+91 70422 91256



Right to Privacy under Indian Constitution

The conceptualization of the term ‘privacy’ can be traced out in the ancient text of Hindus. If one takes a look at the Hitopadesh it is stated that a few matters (like worship, sex and family matters) should be protected from revelation. But in the Indian economy, for the first time the concern of right to privacy was deliberated upon in debates of constituent assembly were K.S. Karimuddin moved an Amendment on the lines of the US Constitution, where B.R. Ambedkar gave it only reserved support, it did not certain the incorporation of the right to privacy in our constitution.

Right to Privacy is not definite in the Constitution of India, thus, it is a subject of judicial interpretation. The judicial interpretations of fundamental right get it within the range of fundamental rights. The journey of this project would begin from the search for the answer of issue whether the right to privacy is a fundamental right, by way of analysis of cases and some inventive work of scholars.

International Instruments

Article 17 of the International Covenant on Civil and Political Rights articulates and describes the right to privacy. It states that ‘No one shall be imposed to arbitrary or unlawful obstruction with his privacy, family, or correspondence, nor to unlawful strike on his honour or reputation’. Although Article 12 of the Universal Declaration of Human Rights 1948, presents that ‘No one shall be subjected to arbitrary interference with his privacy, family, home or correspondence, nor to attacks upon his honour and reputation. Everybody has the right to the guardianship of the law against such impedance or attacks’. Both of these instruments provide the right to privacy to the citizen as well as the states, who are a signatory to it, are anticipated to fulfil these rights.

As India is a signatory to the International Covenant on Civil, Political Rights and the Universal Declaration of Human Rights, 1948, India has the constraint to implement these rights.

In the dearth of enabling legislation, the ICCPR can have the legal force similar to the other laws in India. And the UDHR is a mere declaration, and it does not have any legal force. But the courts have used the provisions of ICCPR as well as UDHR to make its argument substantial; and also in order to make the government realize about his responsibility not just towards the citizens but also towards international instruments.

Evolution of Right To Privacy

In M.P. Sharma v Satish Chandra (hereinafter M.P. Sharma Case) were Supreme Court on the affair of ‘power of search as well as seizure’ held that they cannot bring privacy as a fundamental right as it is something alien to the Indian Constitution and the constitution maker does not bother about the right to privacy.

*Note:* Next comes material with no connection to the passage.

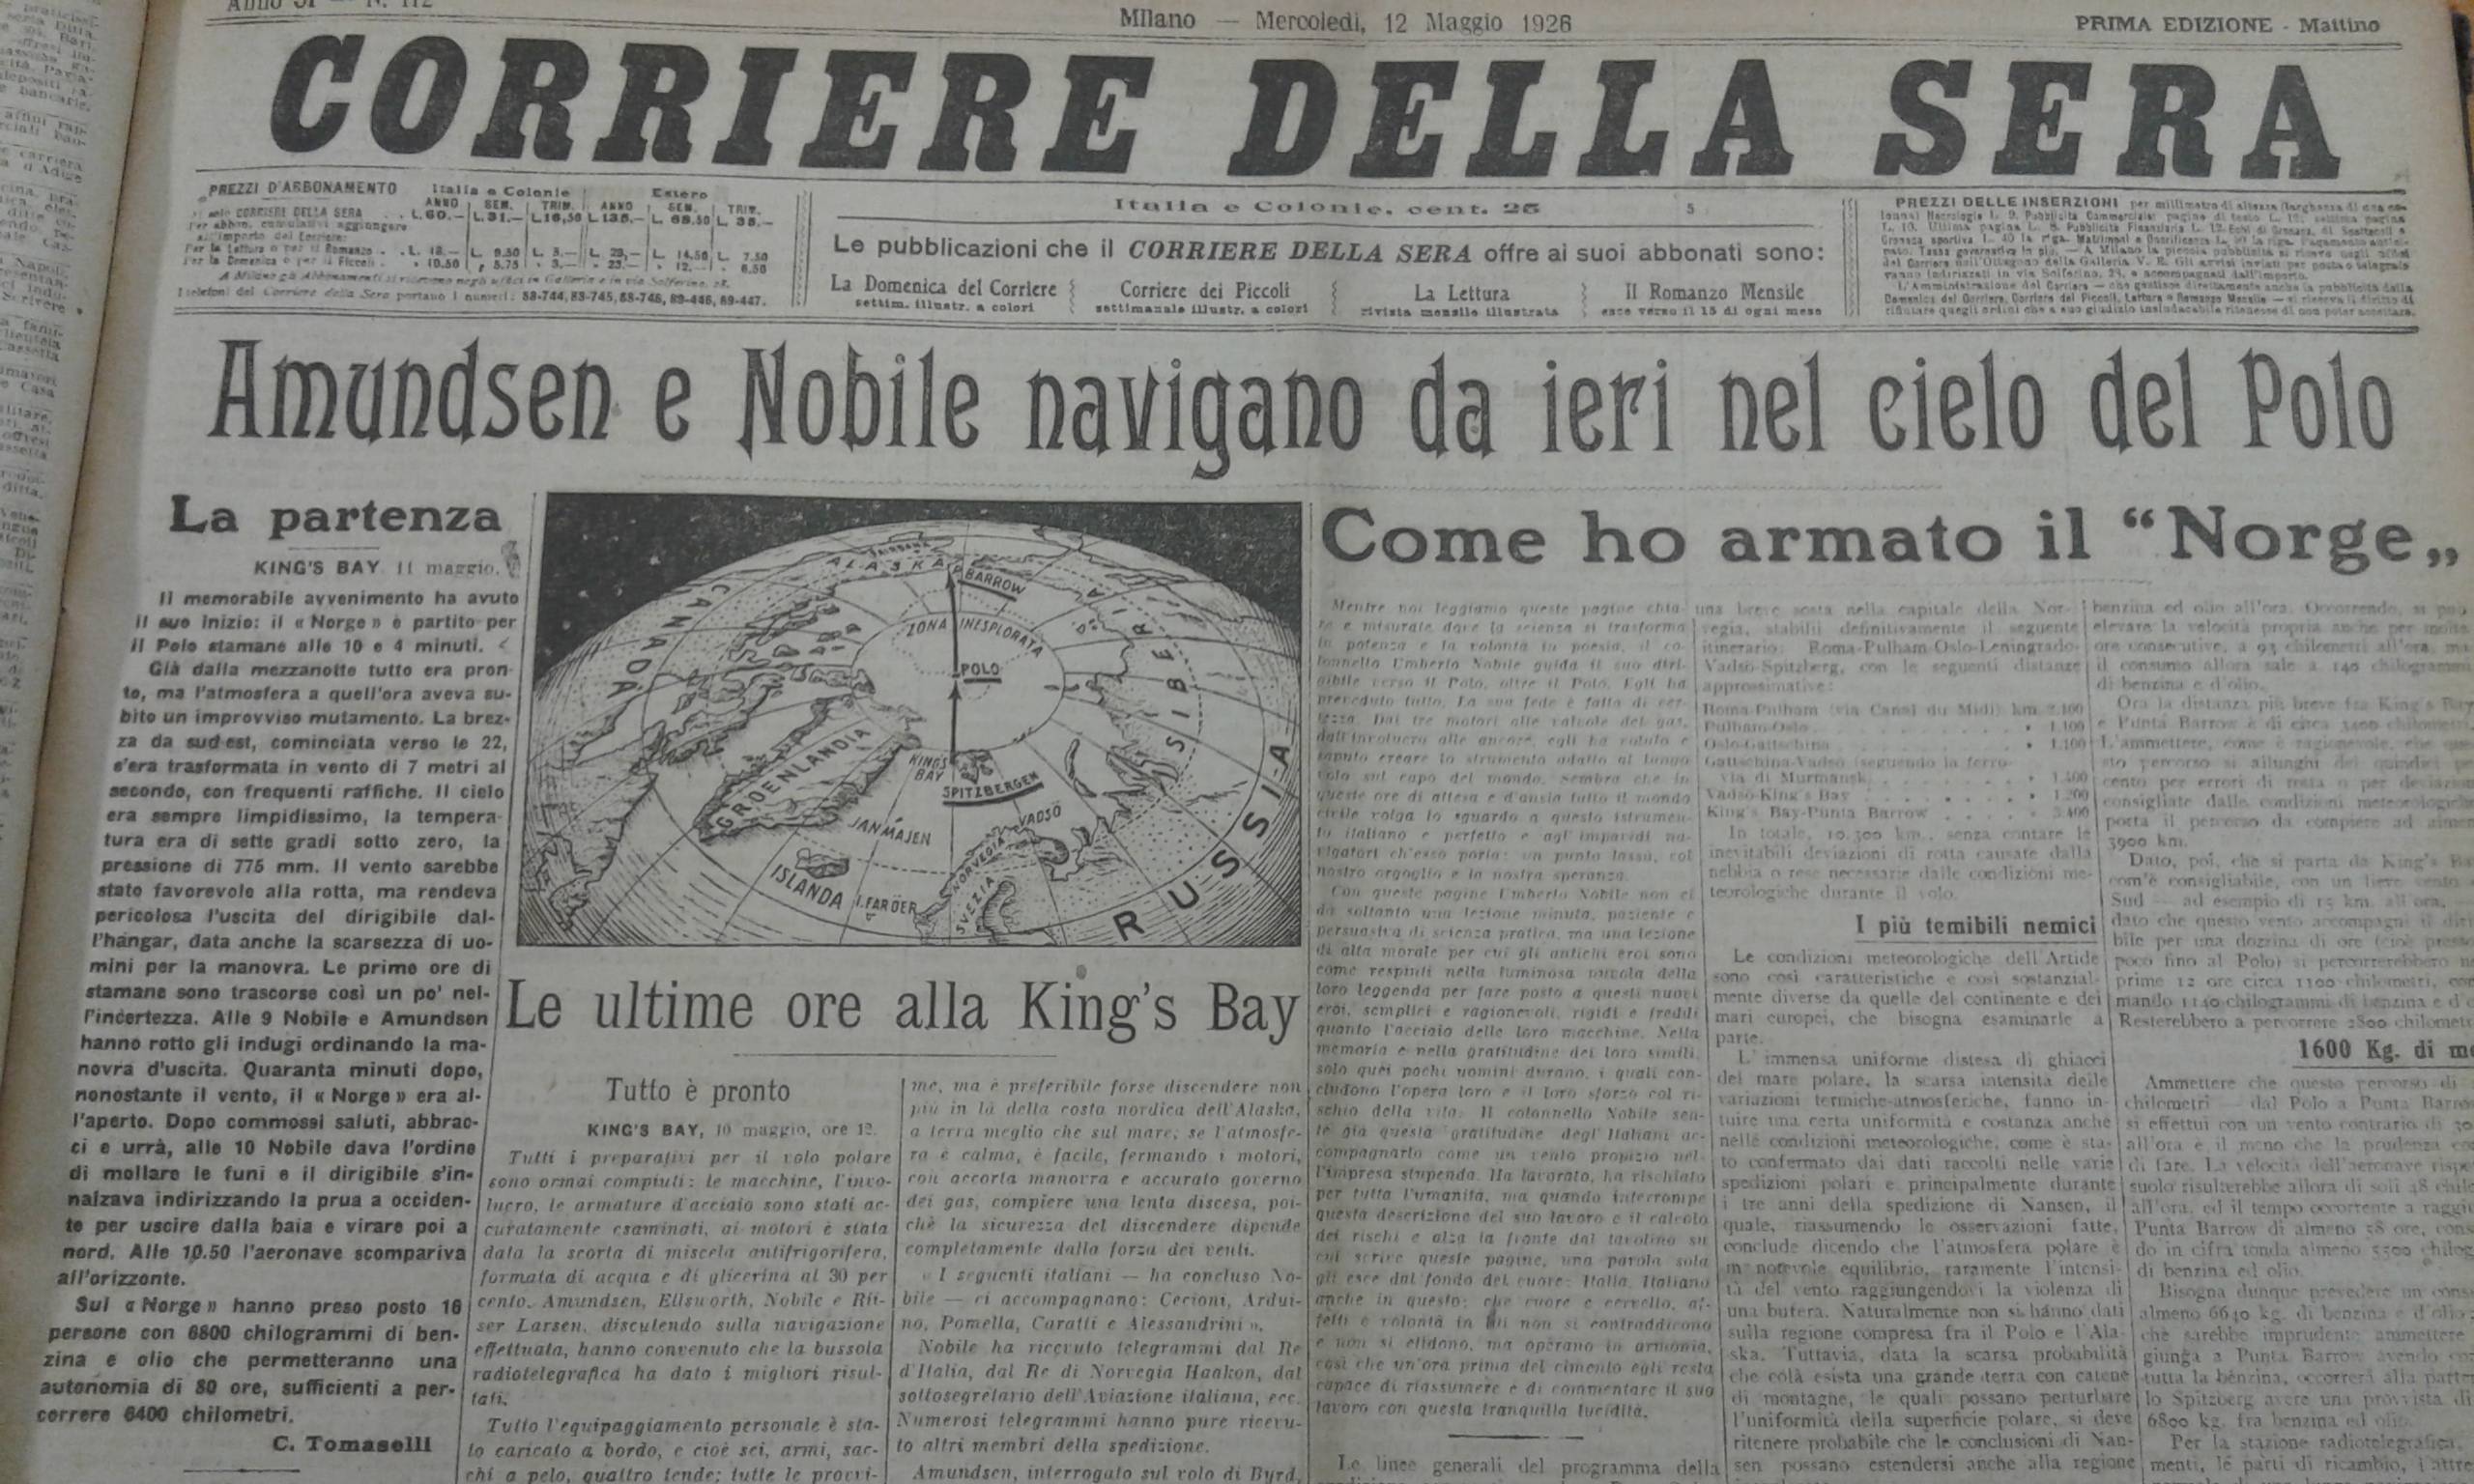 "Corriere della sera", 12 maggio 1926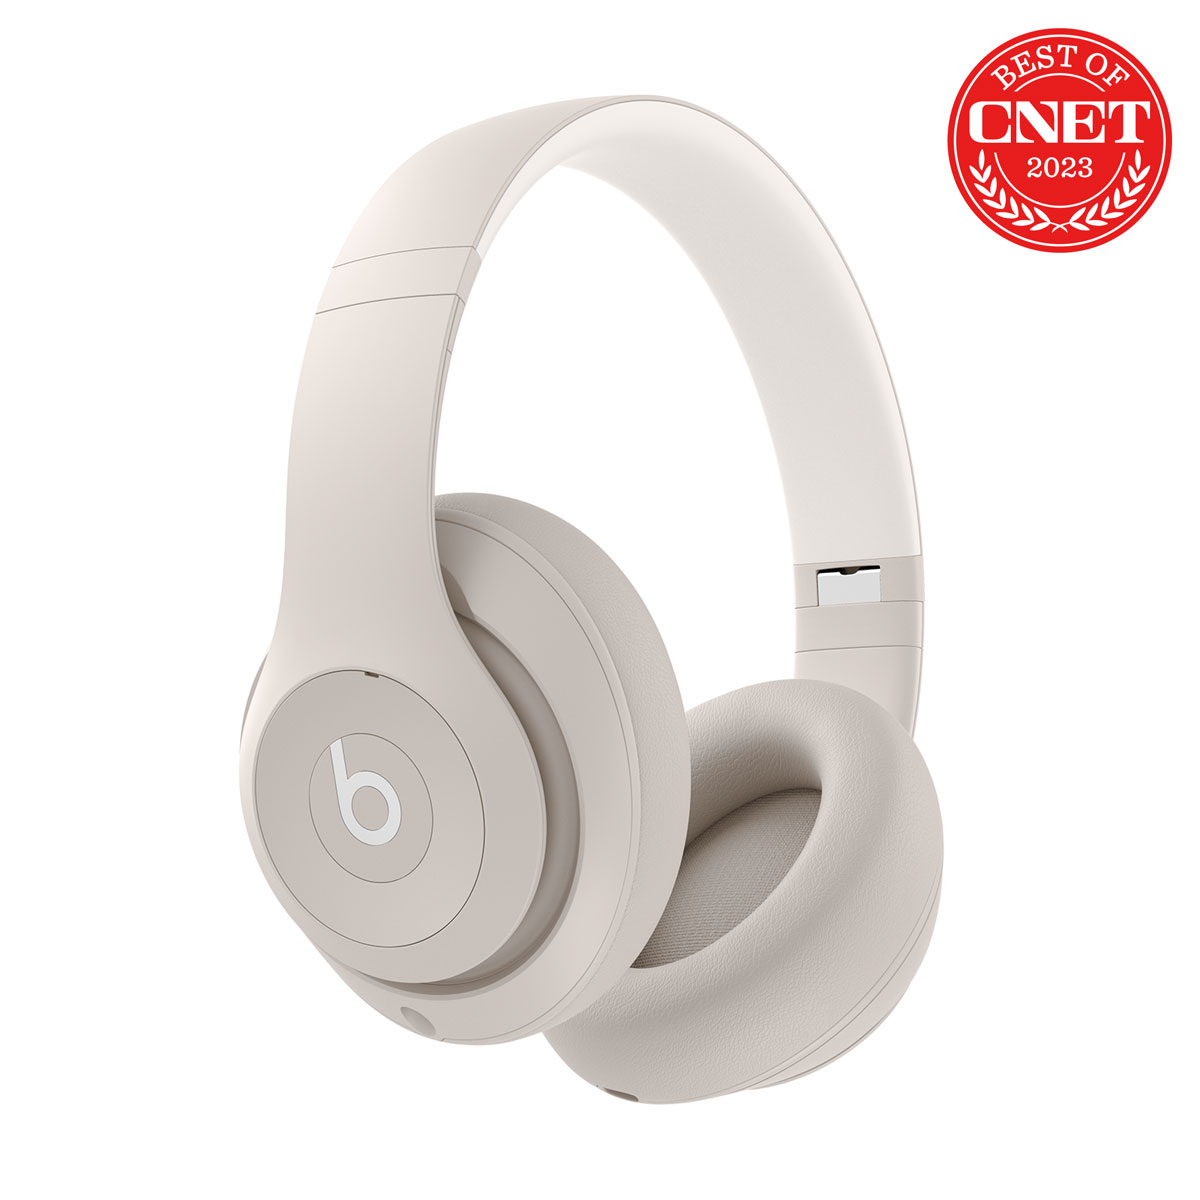 Pro Sandstone Beats - - Cancelling Noise Premium Headphones Wireless Studio

After M.P. Sharma Case in Kharak Singh Case Supreme Court on the matter of whether surveillance, defined under Regulation 236 of the U.P. Police Regulations is amount to breach of fundamental right and whether right privacy has come under the purview of fundamental right; they denied the right to privacy as a fundamental right and they deduced that “the right of privacy is not a pledged right under our Constitution and therefore the effort to determine the movements of an individual which is merely a manner in which privacy is invaded isn’t an infringement of a fundamental right guaranteed by Part III”

The next case was the Govind v State of MP, where the right to privacy was deliberated in detail. The issue was quite identical to the Kharak Singh v State of UP, but this time the approach of judgment was quite different. They maintained the effectiveness of Madhya Pradesh Police Regulations, 855 and 856, made under Section 46(2) (c) of Police Act, 1961, under the reasonable limit. Judges were unable to decide whether the Right to Privacy is a fundamental right or not and they passed on the burden to the next case through saying that the “The right to privacy, in any case, surely has to go through a process of case-by-case development”. It is one good concept of law that could not be developed through a single case, as it is very difficult to see the exceptions and consequences of that concept of law through one case.

In Maneka Gandhi v Union of India,  the Supreme Court elucidated Article 21 in broad sense. They stated that both the rights of personal security as well as personal liberty acknowledged by what Blackstone termed ‘natural law’ are materialized in Article 21. Maneka Gandhi Case started the wide understanding of Right to Life, which actually helped the Right to Privacy to fall into the scope of Right to Life.

Rajagopal alias R. R. Gopal v State of Tamil Nadu was the first case that made clear the progress and scope of the right to privacy in detail. In order to accomplish this question, Supreme Court went through the entire jurisprudence of the right to privacy, its evolution and scope; and this fulfills gaps of Govind Case. In order to clarify evolution it mainly discussed the Govind Case and followed almost the same strategy. This Court stated that the right to privacy is included without any question  in the right to life and liberty guaranteed by Article 21. The conclusion was reached that right to privacy no longer gets along in case of matter of public record.